Shares of Yangzijaing Shipbuilding tumbled 11.68 percent to S$1.21 by 15:17 SGT on Friday, off an earlier low of S$1.19, after JPMorgan downgraded the stock to Neutral from Overweight, saying that third quarter orders were “probably weak.”
“We think the stock usually trades on orders,” it said in a note on Thursday.
JPMorgan noted that the stock had rallied more than 20 percent over the past month or so, even amid declines for the Straits Times Index.
“We think the rally was driven by optimism regarding the JV with Mitsui and potential LNG carrier orders,” JPMorgan said. But it added, “little attention has been paid to the recent order flow, in our opinion, which makes us believe that the weak third quarter order is yet to be priced in.”
Data from shipping and shipbuilding researcher Clarksons indicated Yangzijiang obtained orders for only six bulkers and two containerships between 1 July and 15 October, JPMorgan said.
“The vessels are also small,” it said, noting the bulkers averaged 99,000 DWT in the third quarter, compared with an average of 125,000 DWT in the first half of 2018.
The containerships averaged 24,000 TEUs in the quarter, compared with an average of 88,000 TEUs in the first half of the year, it said.
JPMorgan recommended caution on the stock, with earnings results due 7 November, after the market close.
It estimated third-quarter earnings could be strong as the orderbook was up 1 percent on-year at the end of the second quarter.
It also noted that Yangzijiang probably benefited from the Chinese yuan’s around 4 percent depreciation against the U.S. dollar in the quarter.
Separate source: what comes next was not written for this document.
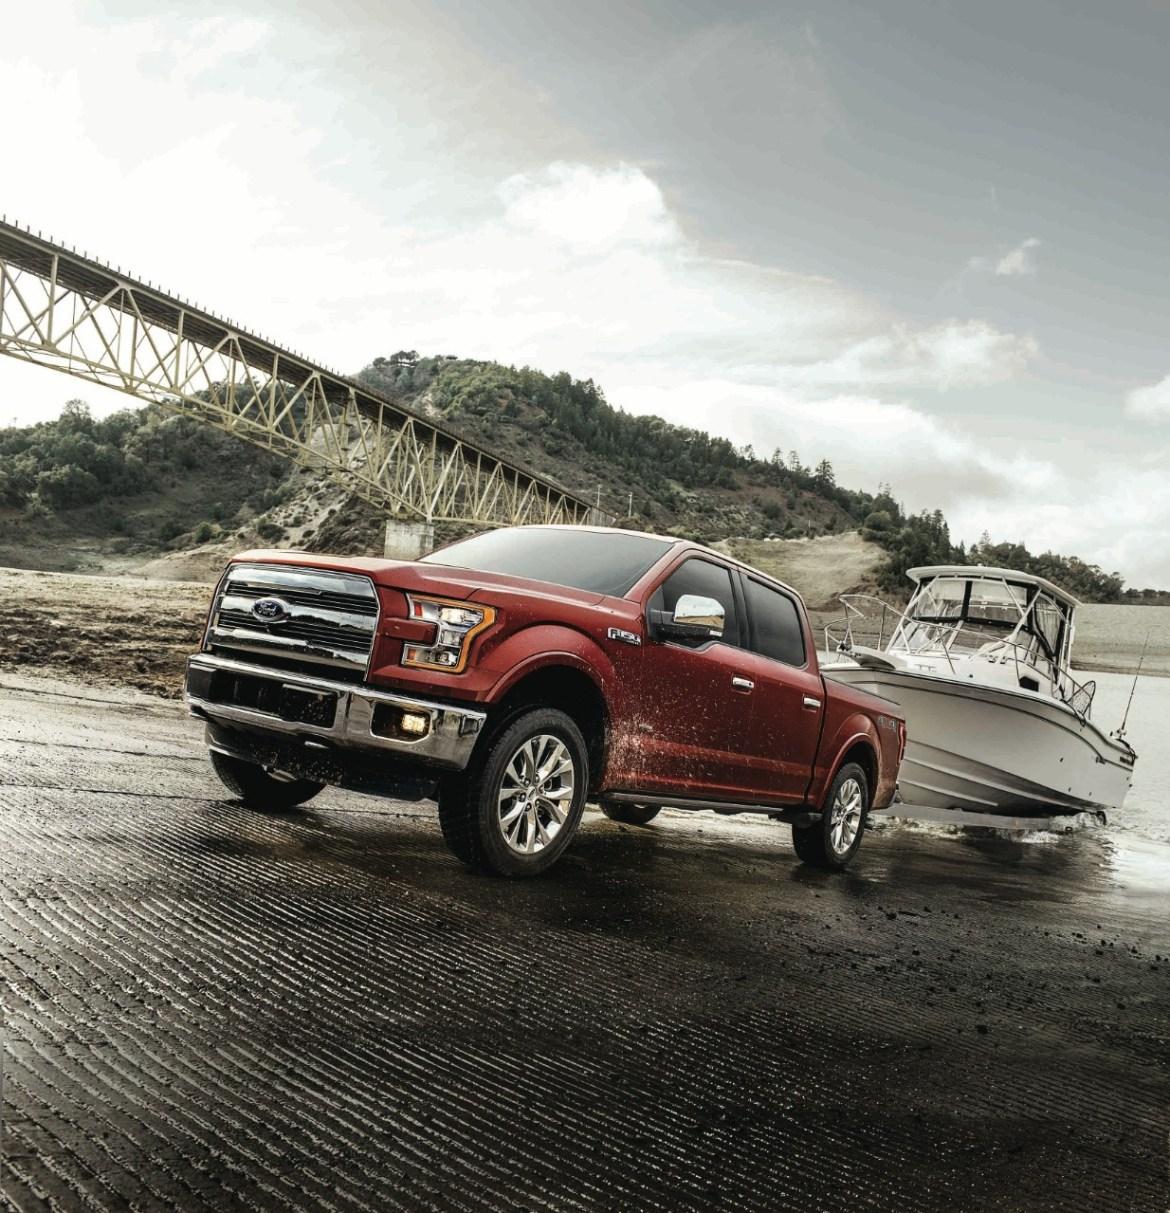 Americas best selling truck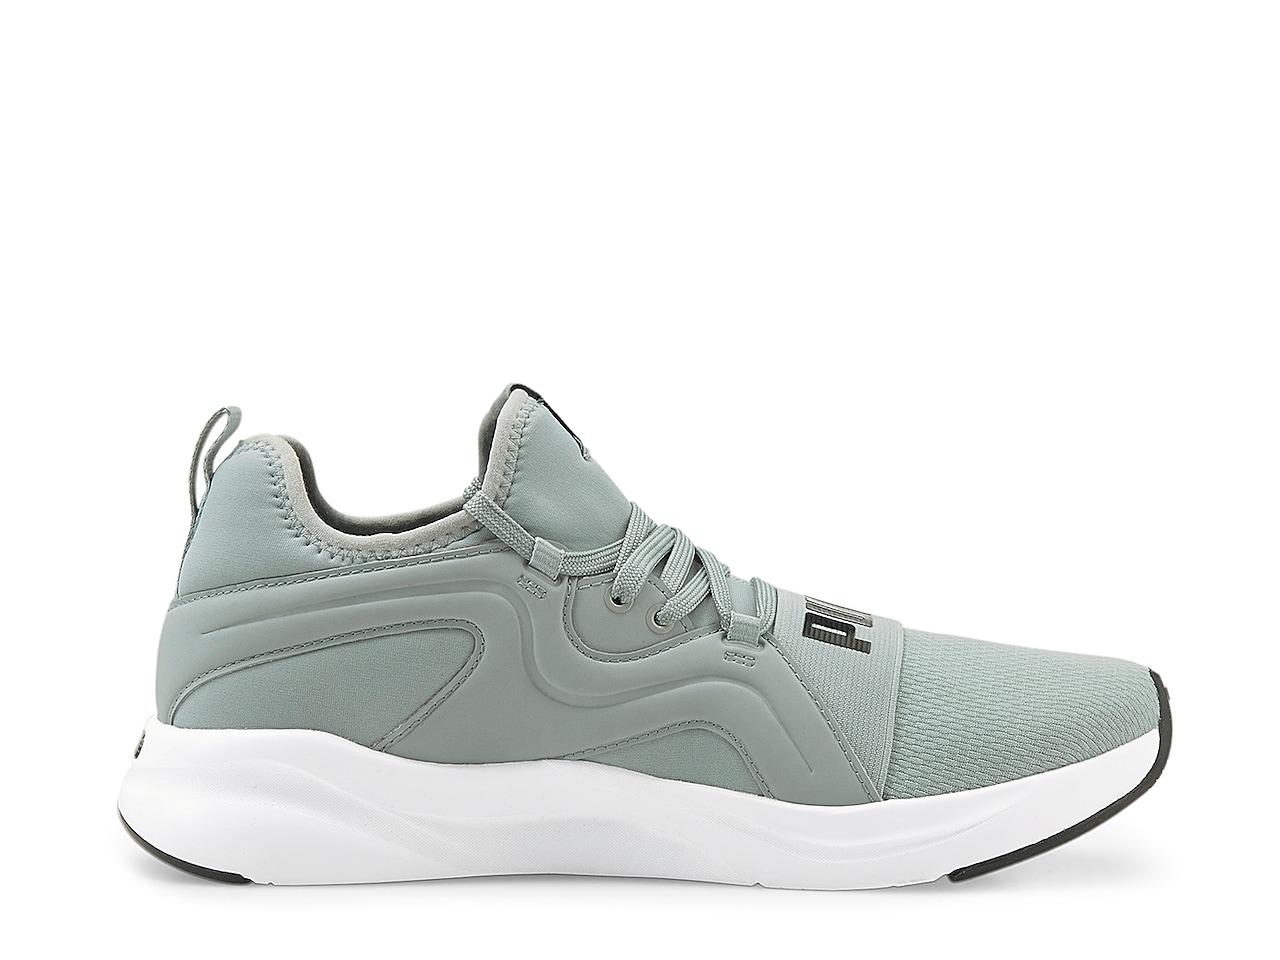 Puma Softride Rift Breeze Running Shoe - Men's

It estimated that every 1 percent depreciation in the yuan against the dollar resulted in a 2 percent earnings per share increase as around 95 percent of Yangzijiang’s revenue is is in dollars, while 20-30 percent of the costs are in dollars, which are mainly for the engines.
JPMorgan said the stock appeared fairly valued, trading at 2.1 times 12-month forward order per share, compared with the historical mean of 2.0 times; it is also trading at 8.4 times 12-month forward price-to-earnings, compared with the historical mean of 7.3 times.
It kept its price target unchanged at S$1.40.